LES TRAVAUX

« LES AMIS DE L’EGLISE SAINT MAURICE D’USSON D’AUVERGNE »

Introduction

Suite à la réalisation en 2002 d’une étude préalable à la restauration de l’église Saint Maurice d’Usson, débouchant sur la réfection des toitures du corps principal en 2008, il convient maintenant de poursuivre cette restauration et d’effectuer les travaux de réparation du clocher, du cœur et de la chapelle servant de sacristie pour les parties structurelles, mais également de restaurer les décors peints et le mobilier concerné. Ainsi, le conseil municipal d’Usson a décidé de lancer les études complémentaires préalables aux travaux. Elles seront réalisées sur la fin de l’année 2018 et l’année 2019 pour un coût d’environ 30 000 € HT

La tour clocher, présente de larges fissures traversantes révélatrices d’importants problèmes structurels qu’il convient encore d’étudier afin de les résoudre de manière adéquate. Une étude complémentaire va ainsi être menée sur la fin de l’année 2018 et le début de l’année 2019 visant à identifier les éventuels mouvements du bâtiment. En effet, si les fissures apparentes sont anciennes (on les observe déjà sur des clichés de la fin du XIXe siècle), elles nécessitent une bonne compréhension de la structure du bâtiment afin d’être traitées dans les règles de l‘art.

De même, le beffroi demande une intervention consistant à changer les pièces de bois abîmées et à être désolidarisé des maçonneries afin de ne plus transmette directement au bâtiment les vibrations générées par le timbre des cloches.

Enfin, la charpente et la couverture du clocher ont également besoin d’être refaites en totalité.

Il est prévu de débuter les travaux à la fin de l’année 2019. Une première estimation datant de 2014 situe le coût de l’opération aux alentours de 370 000 € HT.

Le mur extérieur formant le fond du chœur de l’église laisse de même entrevoir une problématique structurelle. On peut y observer sur les côtés du chœur des fissures en forme d’arrachement. Ces fissures qui se retrouvent également dans les alcôves situées de part et d’autre du cœur, laissent entrevoir un possible basculement du mur vers l’extérieur du bâtiment.

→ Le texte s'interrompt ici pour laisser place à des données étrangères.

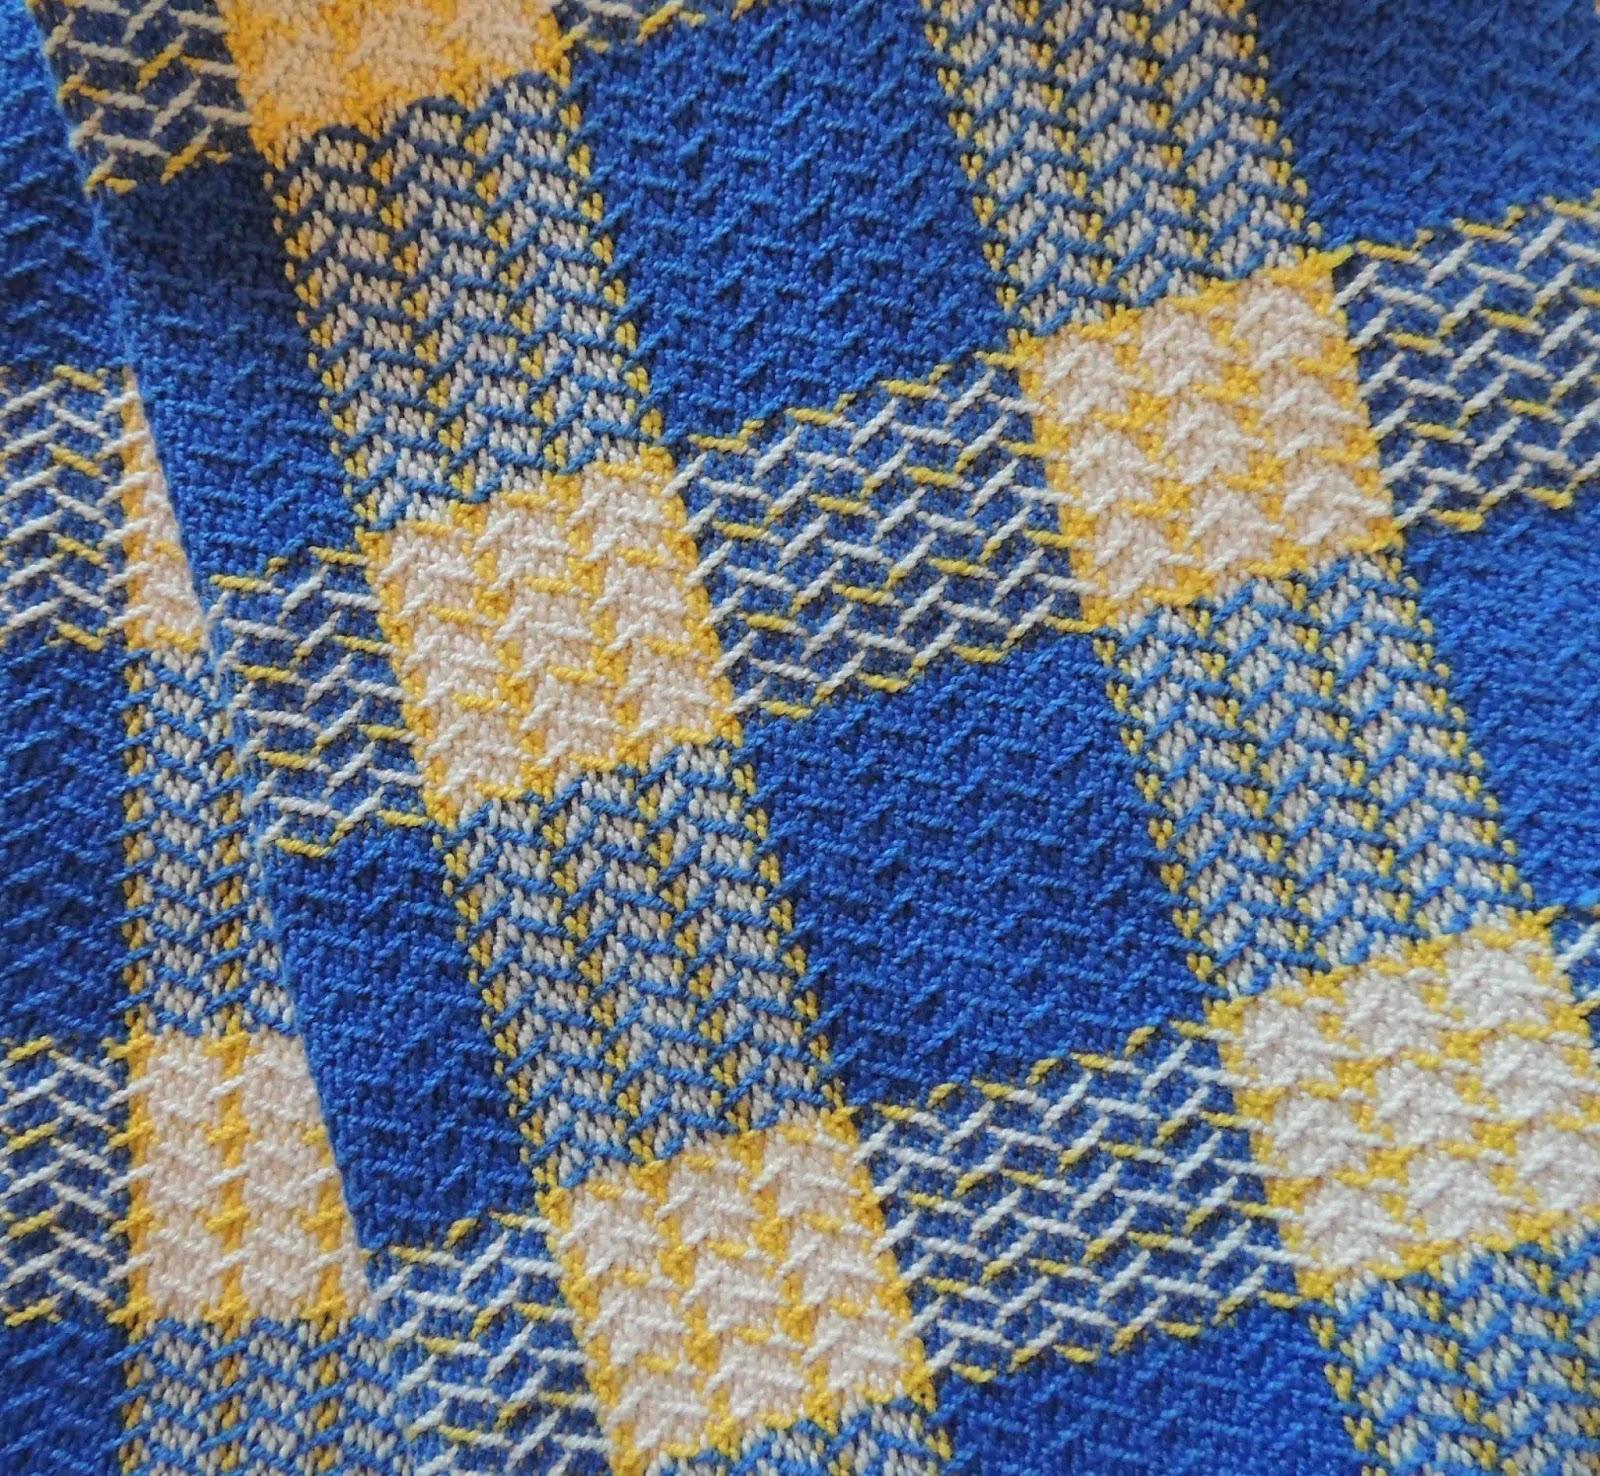 Gym Junkie Towel: Reno Fiber Guild: Even More Handwoven Towels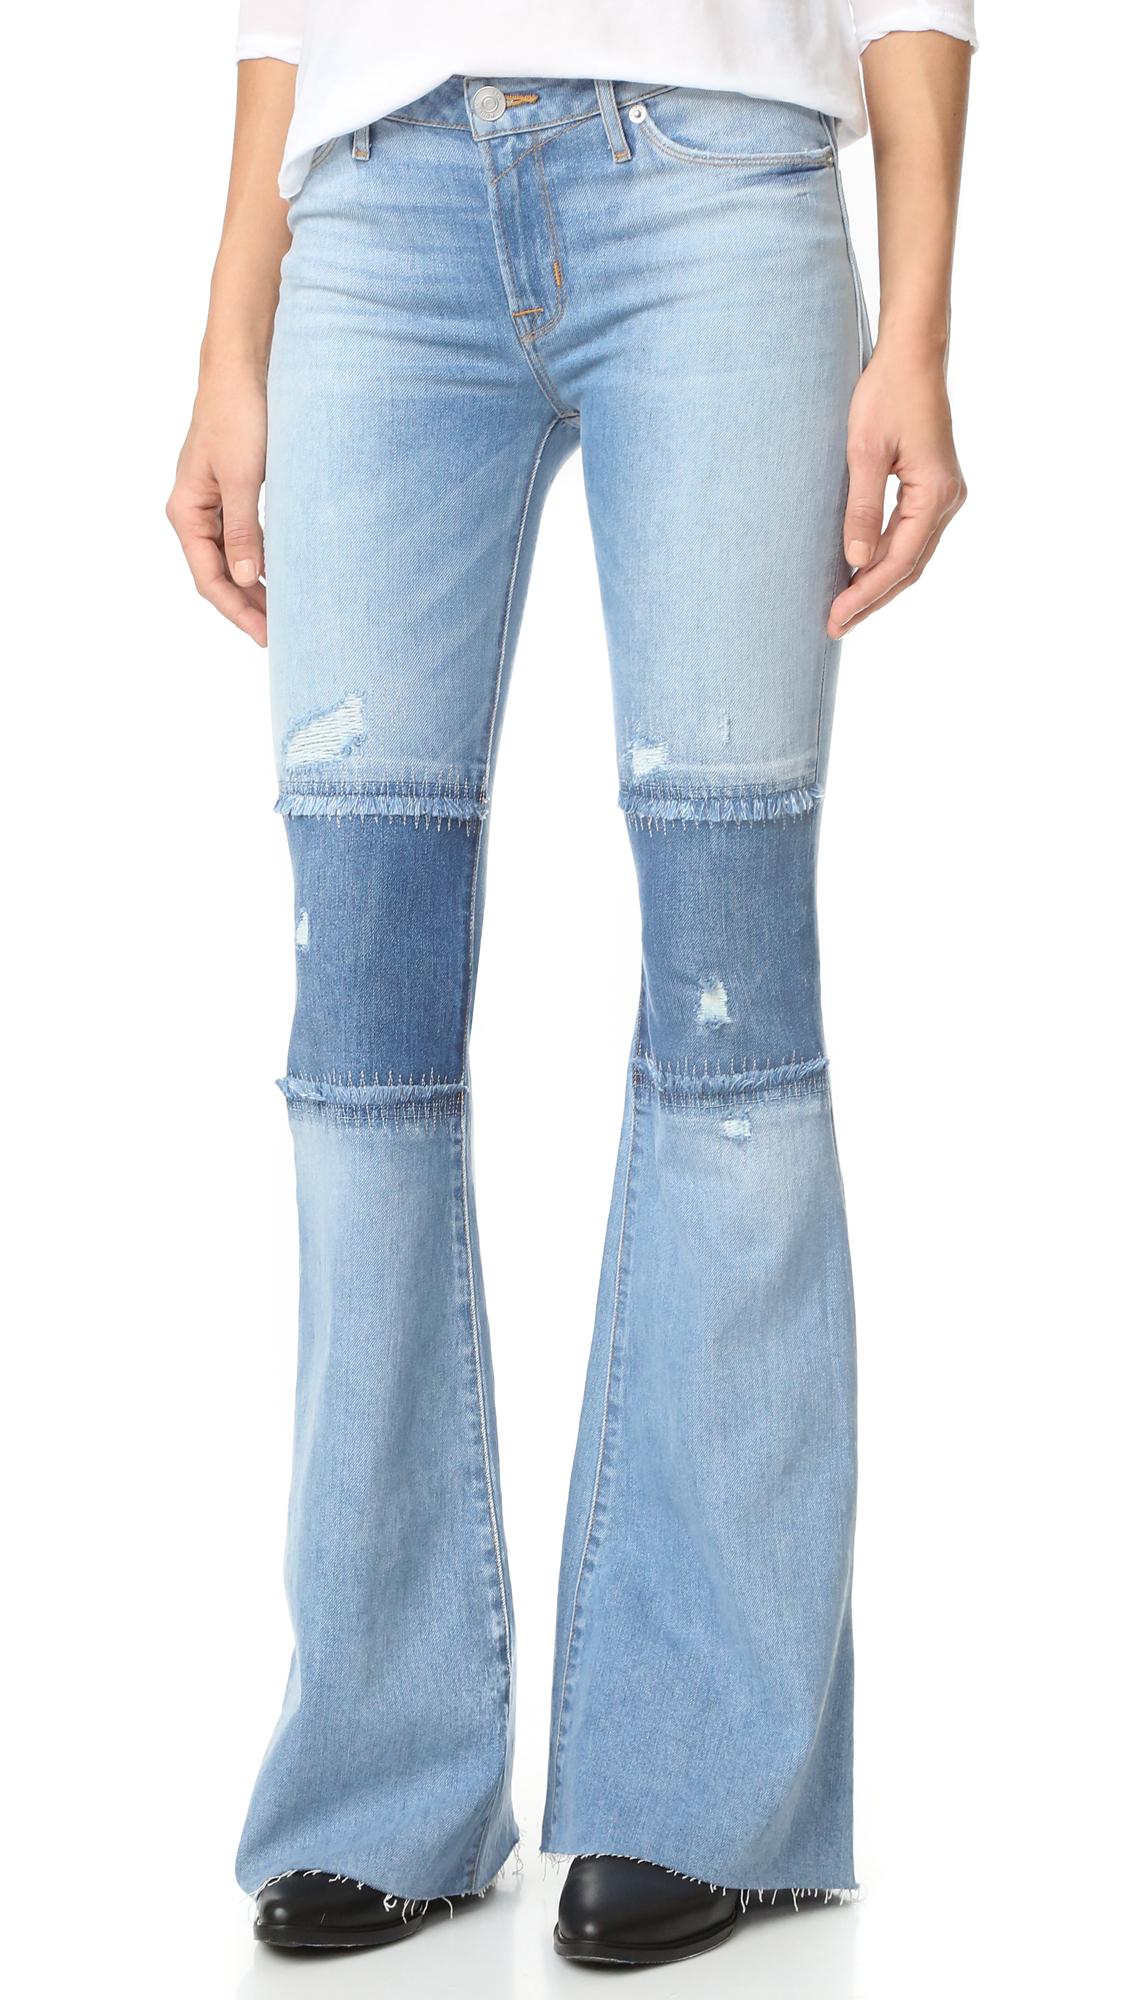 Hudson Custom Mia 5 Pocket Jeans - Royal Delta at Shopbop

Il convient donc de mener sur l’année 2019 une étude approfondie. La pose de sondes et des études de sol permettront d’analyser les mouvements et les déformations subies par cette partie du bâtiment. Les résultats de l’étude apporteront un diagnostic précis, à même de déterminer le choix des techniques de restauration à mettre en œuvre.

Après la réfection du clocher, les travaux sur la structure du chœur feront l’objet d’une tranche supplémentaire.

La chapelle de style gothique flamboyant, servant actuellement de sacristie, présente également des dégradations très préoccupantes. En effet, un des piliers soutenant la voûte, ayant reçu les eaux pluviales des toitures du corps principal de l’église durant des siècles, pâtit d’un déchaussement de sa base. Cet état de fait a provoqué un mouvement du pilier engendrant de nombreuses fissures sur la voute.

Aujourd’hui, on observe sur les arcs de la voute un écartement de certains claveaux et un début de désolidarisation de la clé de voute au monogramme de Marguerite de Valois (dite la Reine Margot, restée consignée à Usson durant 19 ans, entre 1586 et 1605, sur ordre de son mari Henri IV).

Si les eaux pluviales ont été détournées lors de la réfection des toitures en 2008, il convient maintenant de renforcer ce pilier et de stabiliser la structure de cette chapelle.

Ces travaux seront menés concomitamment aux travaux de restauration du mur constituant le fond du chœur.

Un volet de l’étude prévue sur 2019 sera consacré aux décors peints. De précédents sondages, réalisés en 2003, ont révélés la présence de décors datant des XVIe et XVIIe siècles, très empreints d’esthétique médiévale, relativement bien conservés sous les couches plus récentes. Il convient maintenant de compléter cette étude en pratiquant de nouveaux sondages qui permettront de définir la stratégie de restauration des décors peints de l’église Saint Maurice : faire ressortir les décors des XVIe et XVIIe siècles ou restaurer les décors actuels du XIXe siècle.

En vue de la restauration des décors, il sera également nécessaire de pratiquer des analyses de pigments et d’étudier les techniques utilisées.

La restauration de l’intérieur et des décors peints constituera la dernière tranche de travaux conjointement à la restauration du mobilier nécessitant une intervention pour sa préservation (traitement des bois, nettoyage des tableaux…).